The lights in the apartment were turned on, he must have forgotten to switch them off, he dropped the envelope and the letter under the table on the floor and without thinking went straight to the whisky bottle in the kitchenette, poured half a wine glass full, and drank it straight. The writer of this anonymous letter. Who could this be but Sandbach, who but Sandbach — behind whom was Gerta no doubt, and perhaps Toppan as well. But perhaps not Gerta? No, not Gerta, Gerta would have given him a more specific warning, she would have said something tonight if she had known, after all Gerta was honorable. Honorable? He began to laugh, laughed louder and louder, putting both hands down flat on the butterfly-table; his head hung lower and lower over the table as he laughed, the spasms of laughter wheezed into silence, and he found himself studying carefully the grain of the table, on the waxed surface of which two tears had fallen. It was extremely funny.

But it was impossible to stay here.

He could perhaps go up on to the roof, look down from there at the traffic in Massachusetts Avenue.

Or down to the river and the stadium.

Instead, a few minutes later, he found himself walking into Harvard Square, bought a paper, went into Gustie’s and had a quick drink, crossed the street to the delicatessen place and had another. He held the paper before him with both hands and gazed at it without reading it, listening half-consciously to the talk.

— well, I should worry, I told him if he didn’t come by half past ten it would be gone, and it’s gone.

— served him right.

— Sure.

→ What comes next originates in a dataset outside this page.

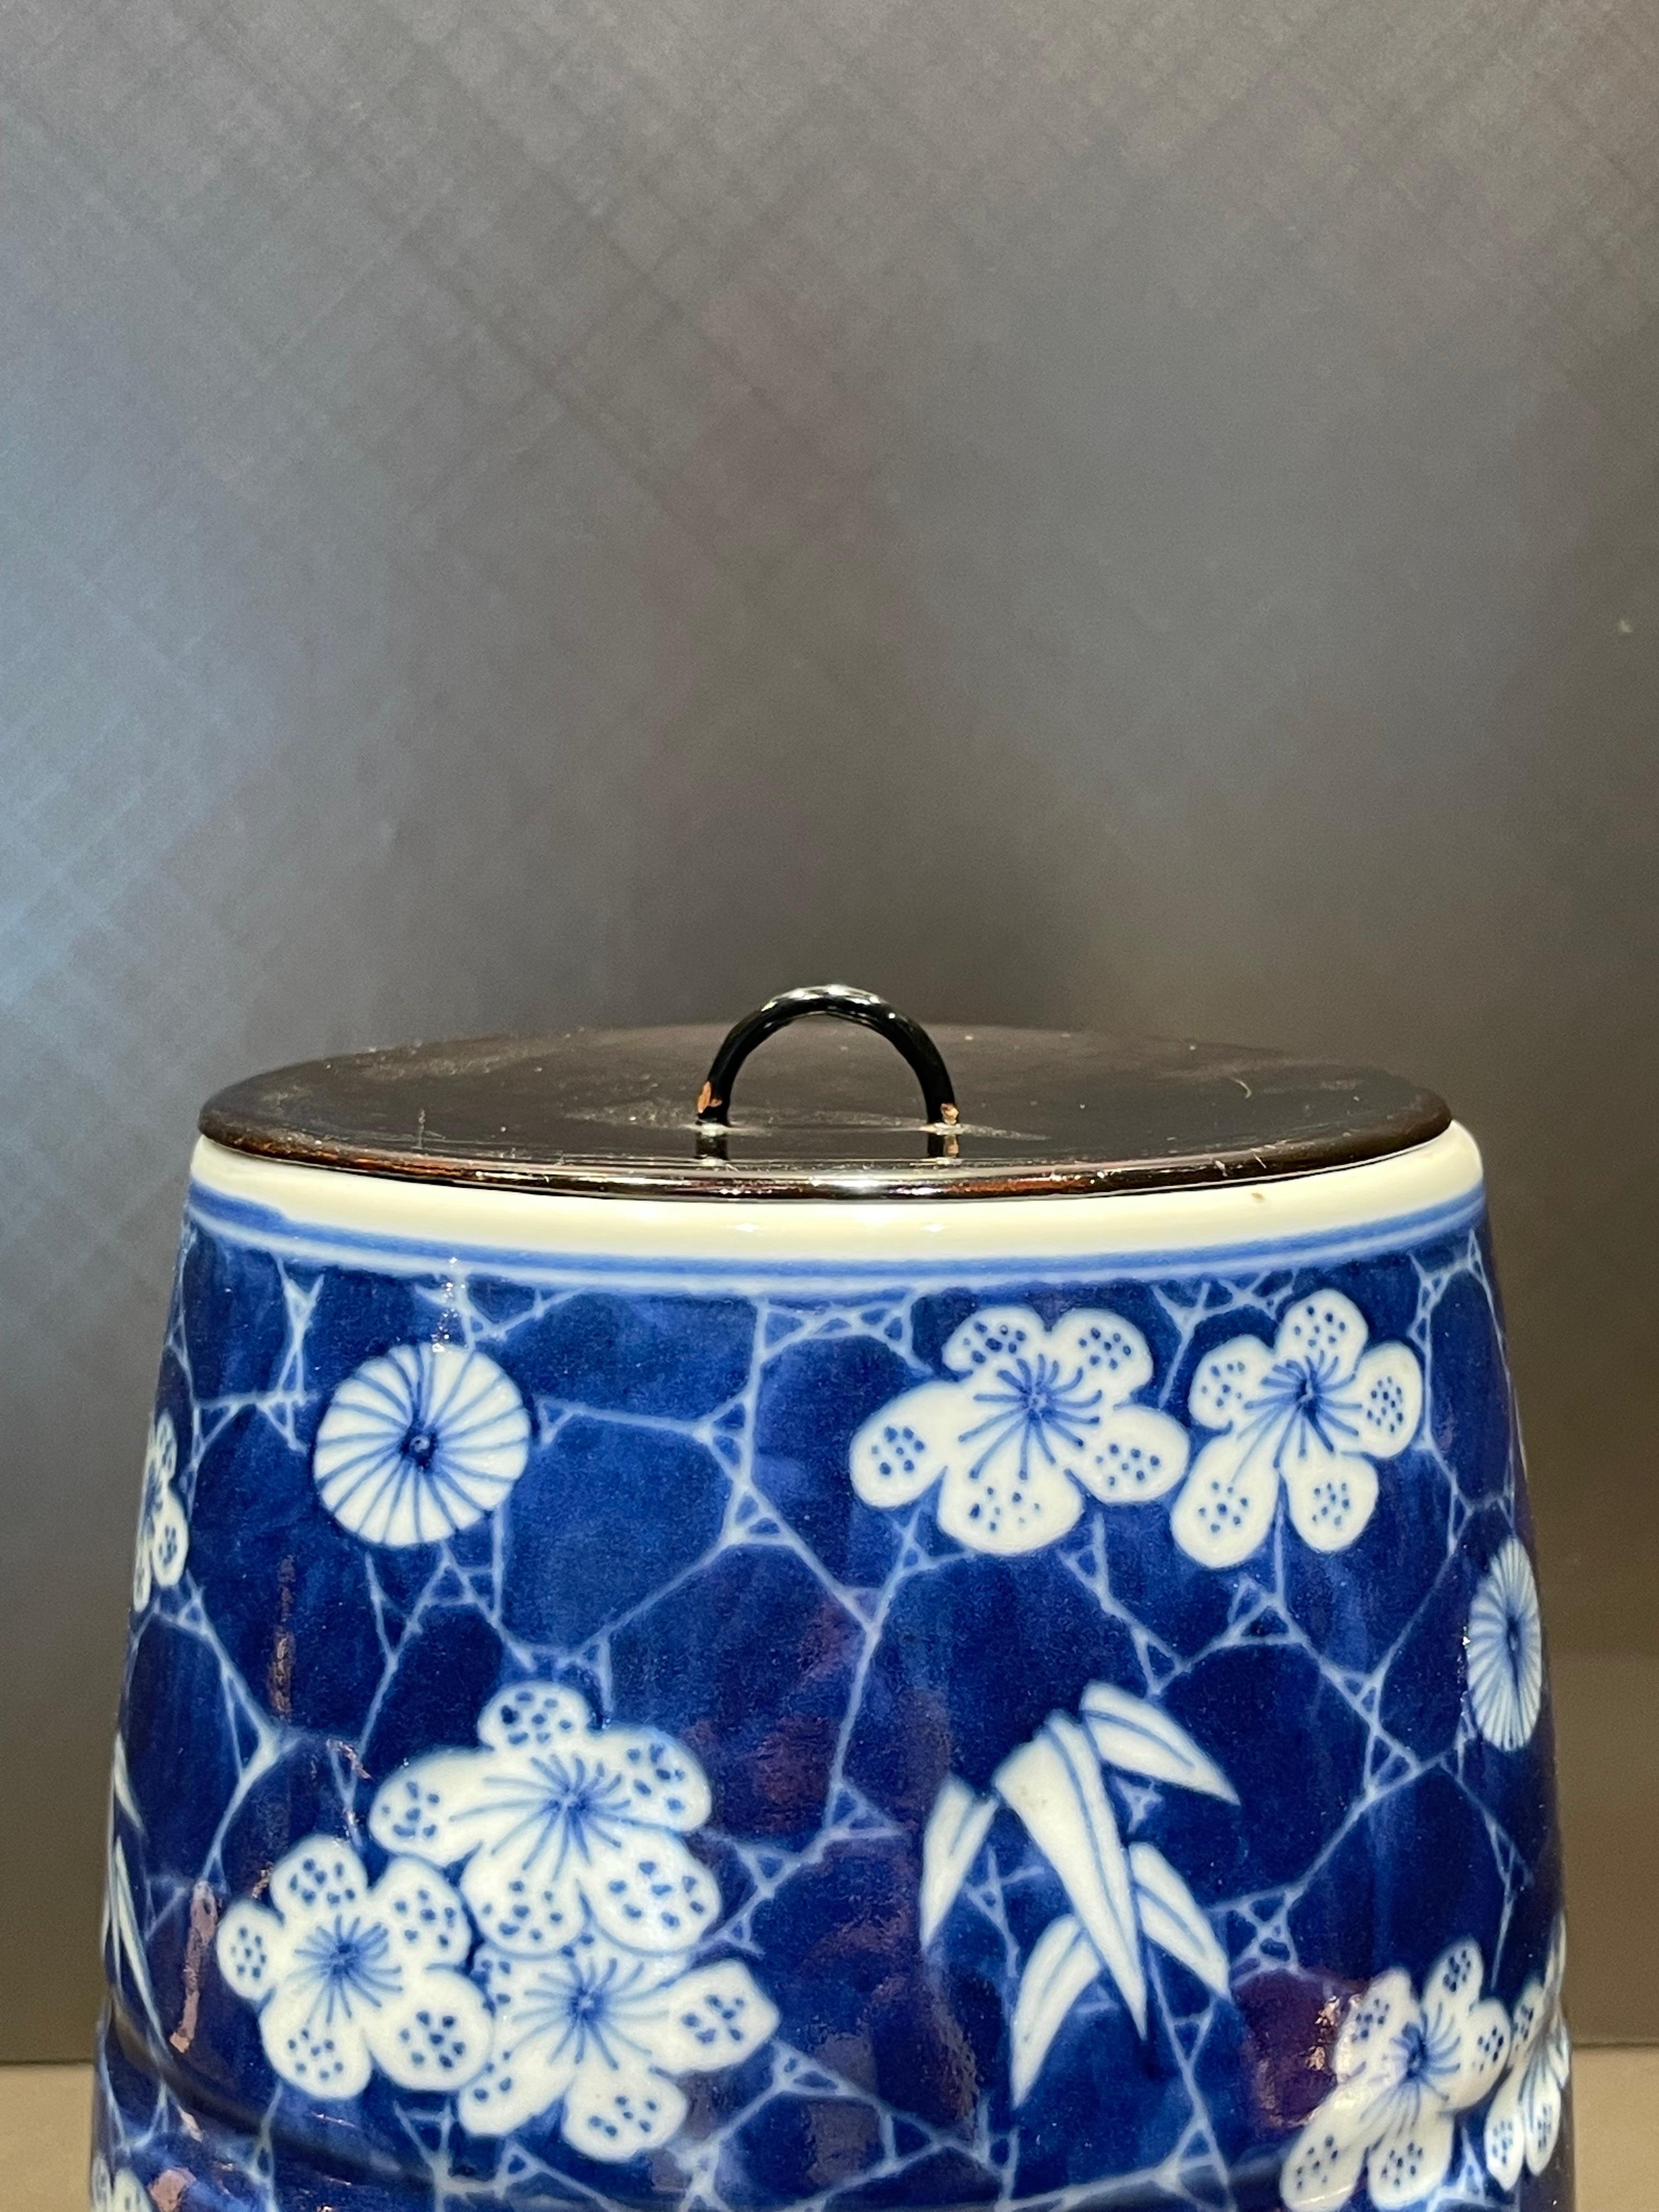 Assumed to be used as a container of fresh water for replenishing the kettle and rising bowls at tea ceremony. With the pattern of Ice Clack, Bamboo and Pine Tree and Plum Blossom design. The cute pattern that evokes a sense of nostalgia is

It’s his own funeral. Next time—

— crazy as a bedbug.

— and two whisky sours, that’s three to come!

— and besides I don’t think he could really afford it. No, I don’t.

— You don’t think so.

— No, I don’t think so.

— can’t make out what his position is there, he’s always coming in, every evening, and they give him a handout—

— I heard he was unfrocked for something.

— poor themselves, too; Ada, she’s the oldest, working as a cigarette girl at the Palace—

— No. It’s a local beer. Only local.

He turned away from the counter, rising, went out, proceeded along Boylston Street till he came to the river, stood on the bridge and looked down at the dark luster of the water. Two men were standing close together on the float of the boathouse, talking intermittently in low voices: one of them stooped, put his hand into the water, then stood up again and wiped it with a handkerchief. They went slowly up the gangway into the club, which was dark, he heard the door close behind them, and at that moment he felt a single drop of rain on the back of his wrist. The sky was covered with broken clouds, ragged and hurrying, it was like a disordered mind, like a flight of disordered thoughts: with his hands on the parapet of the bridge, he tilted his head back and watched them, so long and so intently that at last he felt it was not the clouds which were moving but himself. And when he turned away, it was with such an acute feeling of giddiness that for a second he thought he was going to fall.